This is a perfectly reasonable point to bring up, and I agree that we should critically consider whether or not policy and regulation in the field is adequate. I want to emphasize some ways that high-risk biological research differs from finance, nuclear weapons, and money laundering.
First, people don’t do gain of function research (or whatever we ought to call it) for profit, so imposing gigantic fines, the threat of jail time, and constant severe scrutiny would be tantamount to banning it outright. Likewise, private companies are pursuing profits when they build nuclear weapons. Medicine is, of course, heavily regulated, and once again it is the profit motive that allows the industry to thrive even in such a heavily regulated context.
Soldiers operating and maintaining nuclear weapons have given permission for the military to exert extremely intrusive control over their activities. Some of the best and brightest scientists worked for the military as an act of patriotic service to build the nuclear bomb during WWII. However, the Manhattan Project was aimed at a specific engineering outcome, while GoF research would be an ongoing effort with no “definition of done,” and it might be hard to convince an adequate number of high-quality scientists to sign up for such strict controls if it was for their entire careers.
Money laundering is a crime, so it is not “regulated” but policed. Nobody but terrorists would do gain of function research if it was illegal.
For a person who’d like to see gain of function research banned, any move to regulate it and punish violations would be a step in the right direction. However, those who’d like to enforce responsible behavior, perhaps by using regulations on part with those you describe, have to explain how they’d motivate already-beleaguered scientists to do GoF research when their proposal is “even more stick, still no carrot.”
I’m curious to know whether and to what extent we’ve considered ways to reward basic science researchers for making pandemic-mitigating discoveries in a public health context. Is there a way we can reward people for achieving the maximum public health benefit with the minimum risk in their research?

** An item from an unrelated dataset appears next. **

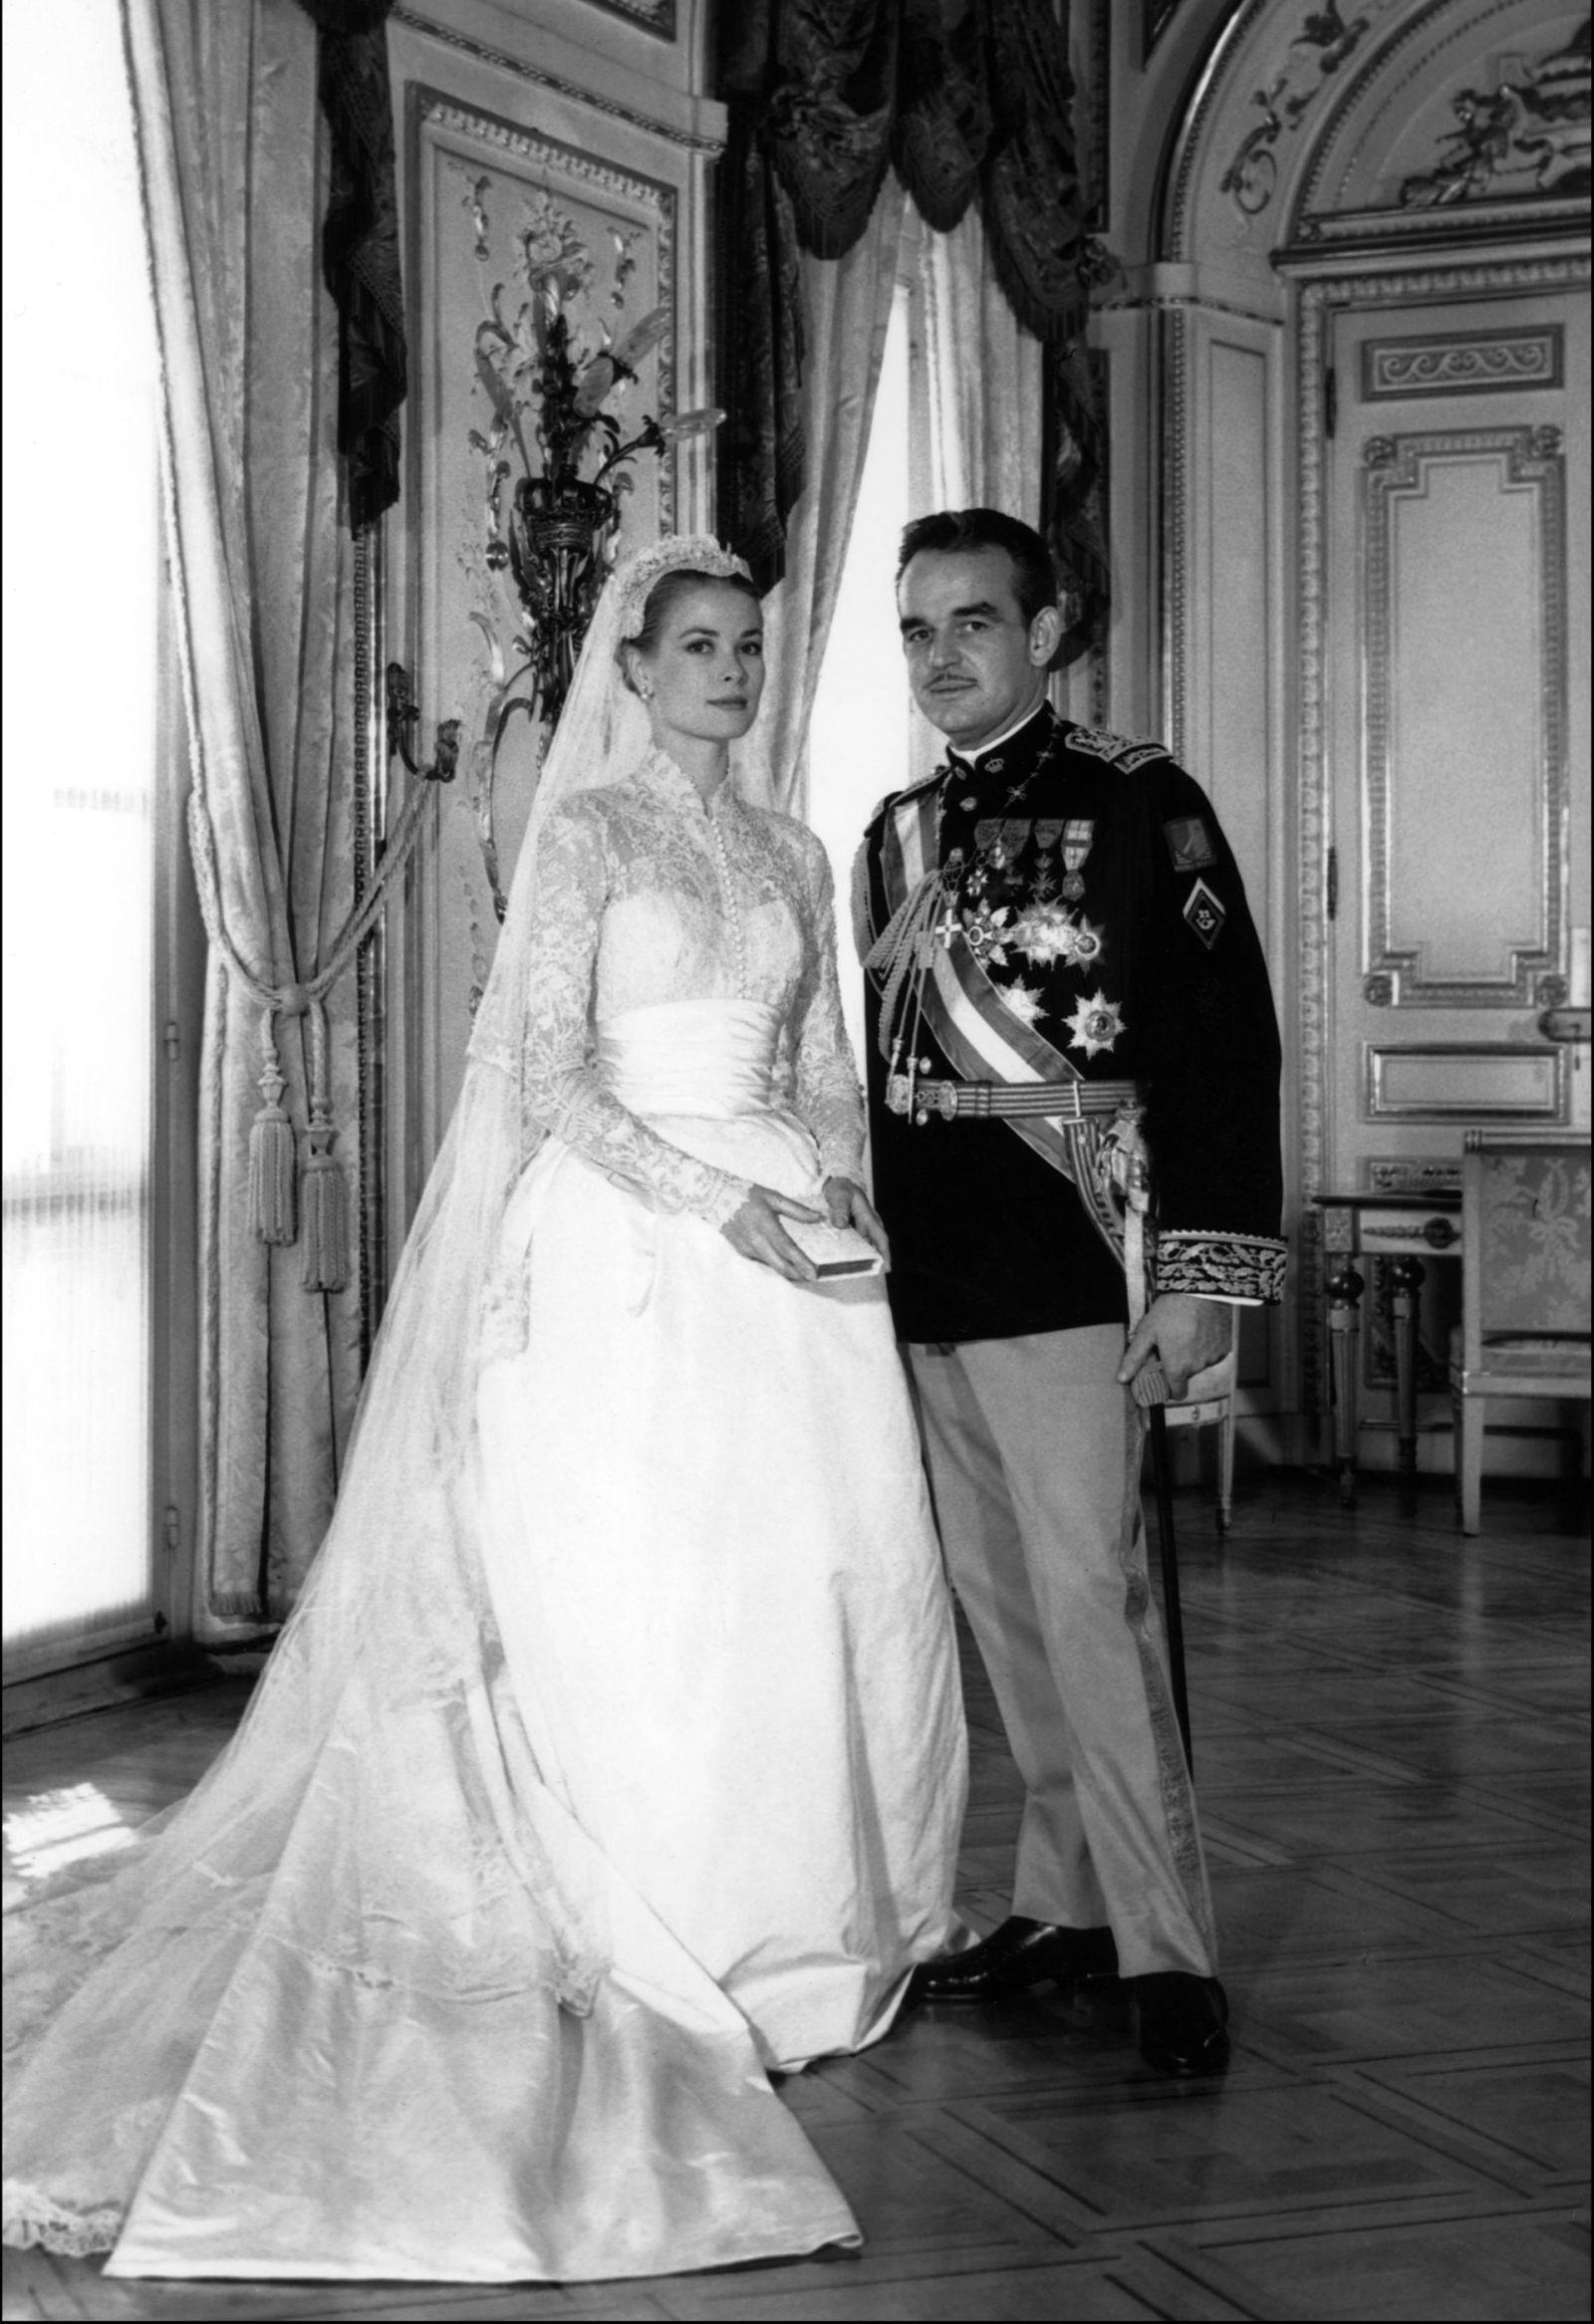 da95bde592f5 Famous Wedding Dresses - Wedding Dresses Through the Years

Money laundering is a crime, one which the government primarily combats using AML (Anti Money Laundering) regulations. This apply to essentially all financial companies, and require them to evaluate their clients and counterparties for money laundering risk. If a bank facilitates money laundering it can be punished for this even if it didn’t want to do it; all that is required for AML violations is that the bank didn’t try hard enough to avoid accidentally helping launder money. These regulations are a big deal, with very large number of people employed in their enforcement and large fines for violations. It is much easier to fine a bank than it is to fine the underlying money launderer. AML rules are effectively a way for governments, which are not really capable of catching money laundering, to outsource the expense and difficulty.
The equivalent here would be if medical equipment companies, reagent companies, lab animal companies had to do due diligence on researchers and were liable if they lacked sufficient processes to ensure they didn’t sell supplies to researchers who performed dangerous experiments. As with AML, this allows the government to impose large fines on for-profit companies (which it can easily force to pay) over smaller, potentially judgement-proof labs, which still achieving much the same goal.
That’s a helpful reframing, thank you. I think there is still a disconnect between the two cases, however. As money laundering is a crime, companies have a relatively simple task before them: to identify and eliminate money laundering.
By contrast, GoF research is not a crime, and the objective, from a “responsibly pro-GoF” point of view, is to improve the risk/reward ratio to an acceptable level. A company would be likely to be highly conservative in making these judgments, as they would capture none of the benefits of successful and informative GoF research, but would be punished for allowing overly risky or failed GoF research to go forward. In other words, companies would likely refuse to sell to GoF research entirely in order to minimize or eliminate their risk.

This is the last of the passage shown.